Мо Сюаньюй по природе своей почти не умел выражать эмоции тихо. Что смех, что слезы вылетали из него от души, так, что слышали все вокруг. От этого не помогали ни укоризненные взгляды и выговоры в Башне Золотого Карпа, ни ругань и даже побои в деревне Мо.
Тело Цзинь Гуанъяо, как оказалось, умудрялось плакать совершенно бесшумно. Мо Сюаньюй никогда не видел своего брата не что плачущим, даже хоть сколько-то расстроенным. На его лице всегда играла приятная улыбка, кроме, разве что, тех случаев, когда серьезности требовала какая-нибудь церемония. Поэтому Мо Сюаньюй не сразу осознал, что тело его сейчас сотрясается именно в рыданиях. С губ не слетало ни единого всхлипа, и даже нос не шмыгал. Даже дыхание, хоть и рваное, давящееся каждым вдохом, вырывалось из горла беззвучно. И только слезы двумя ручьями текли и текли по щекам.
Глава Лань притянул содрогающееся тело к себе и очень аккуратно обнял. Словно боялся, что сжав крепче, он раздавит своего изящного побратима. Одна его рука без труда обвила талию тела Цзинь Гуанъяо, а вторая легла на лопатки, то грея легким нажатием, то слегка поглаживая. Глава Лань ничего не говорил, лишь дыхание его, тоже став отрывистым, попадало в ритм с рыданиями.
Однако, стоило Мо Сюаньюю немного успокоиться и пошевелиться в этих объятиях в попытке слегка отстраниться, как глава Лань тут же разжал руки. Еще мгновение — и они встретились взглядами.
Глаза у главы Лань оказались откровенно испуганными. Пожалуй, Мо Сюаньюй мог даже сказать, что в них плескалась паника. Губы идеально очерченного рта чуть приоткрылись и самым обыденным образом дрожали, словно глава Лань готов был вот-вот и сам расплакаться.
На Мо Сюаньюя этот новый образ главы Лань неожиданно подействовал успокаивающе. Впервые на его памяти безупречная нефритовая маска раскололась на куски, и из-под нее выглянуло человеческое лицо, хрупкое и ранимое. Возможно, совершенно некстати подумал Мо Сюаньюй, именно такого Лань Сичэня Яо-гэ и полюбил?
— А-Яо, пожалуйста!.. — тихонько взмолился глава Лань, и от звуков этого низкого, глубокого, с просящими нотками голоса у Мо Сюаньюя, вернее, у его тела, вновь все внутри взорвалось. — Пожалуйста, не молчи. Скажи что-нибудь. Поделись своими бедами.
— Я запутался, — совершенно честно признался Мо Сюаньюй. — Я устал. Я не знаю, что делать…
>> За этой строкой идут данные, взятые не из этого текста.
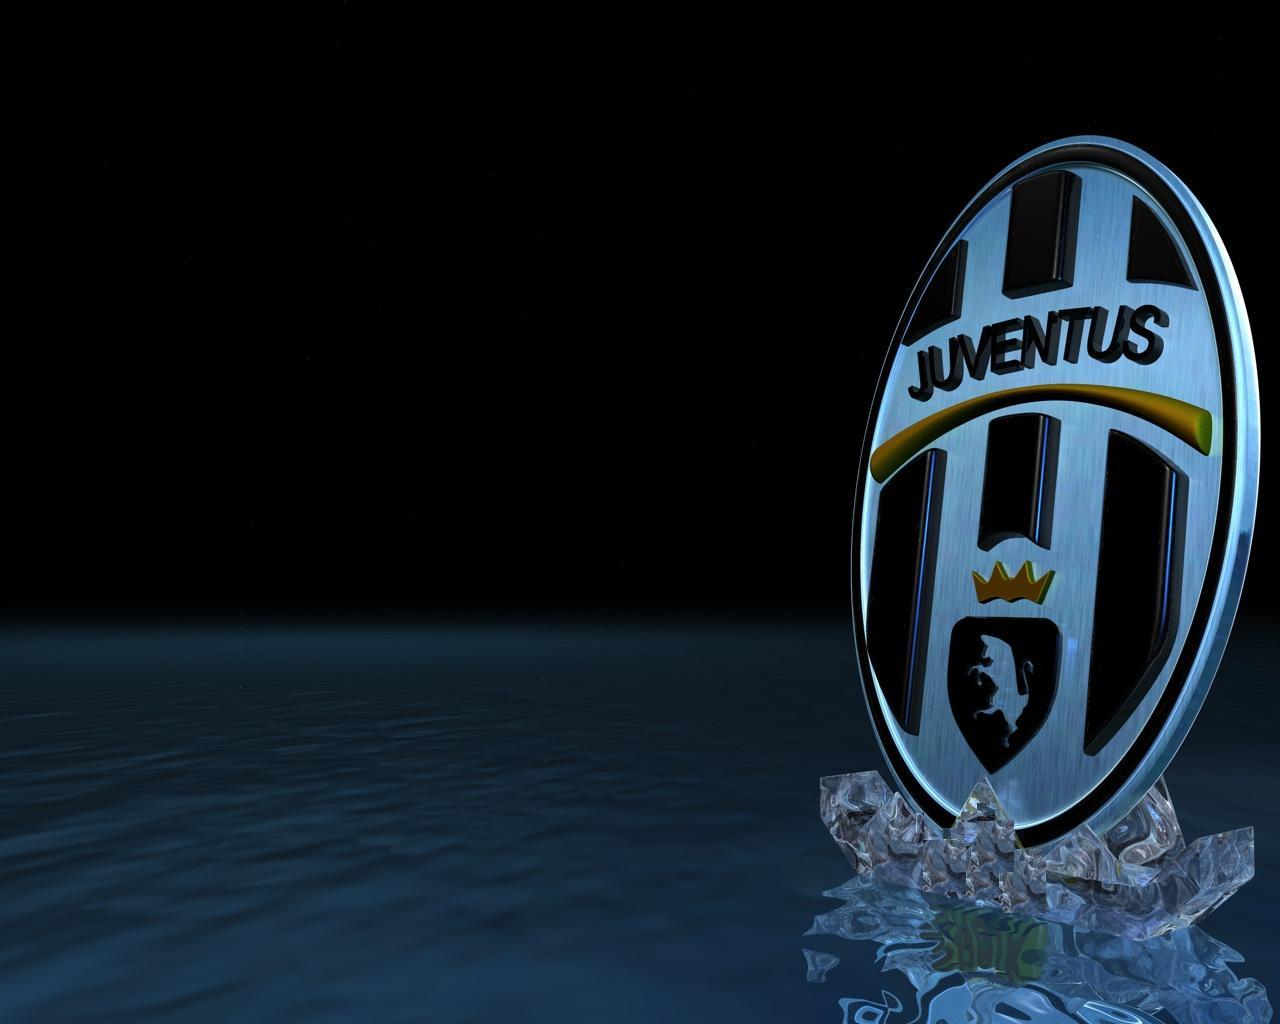 Juventus 3d Logo Wallpaper Free Download Juventus Fc

— Извини, на последнюю фразу монополия у Не Хуайсана, — в попытке пошутить у главы Лань чуть дрогнули уголки губ, однако полноценной улыбки у него не получилось, слишком уж сильная тревога была написана на его лице. — А-Яо, я тебя хорошо знаю. Ты самый умный, практичный, деятельный и находчивый человек из всех, с кем я знаком. Не может быть такого, чтобы ты не знал, что делать.
«Ну да, конечно, — мрачно подумал Мо Сюаньюй. — Яо-гэ, разумеется, всегда знает, что делать. Но я-то ведь не он!»
— Вот в то, что ты устал, верится гораздо больше, — продолжал тем временем глава Лань. Усилием воли он сделал свой голос мягче, и Мо Сюаньюй почти плыл в волнах его звучания. Отвлекало только то, что руки главы Лань, которыми он теперь снова сжимал его кисти, сотрясало нервной дрожью. — Ты взвалил на себя слишком тяжкий груз. И хоть я ничуть не сомневаюсь в твоих способностях, все же такая работа не может не выматывать. Ничего удивительного, что от усталости ты даже заболел.
— Я… — начал было Мо Сюаньюй, отводя взгляд. — Со мною уже все хорошо…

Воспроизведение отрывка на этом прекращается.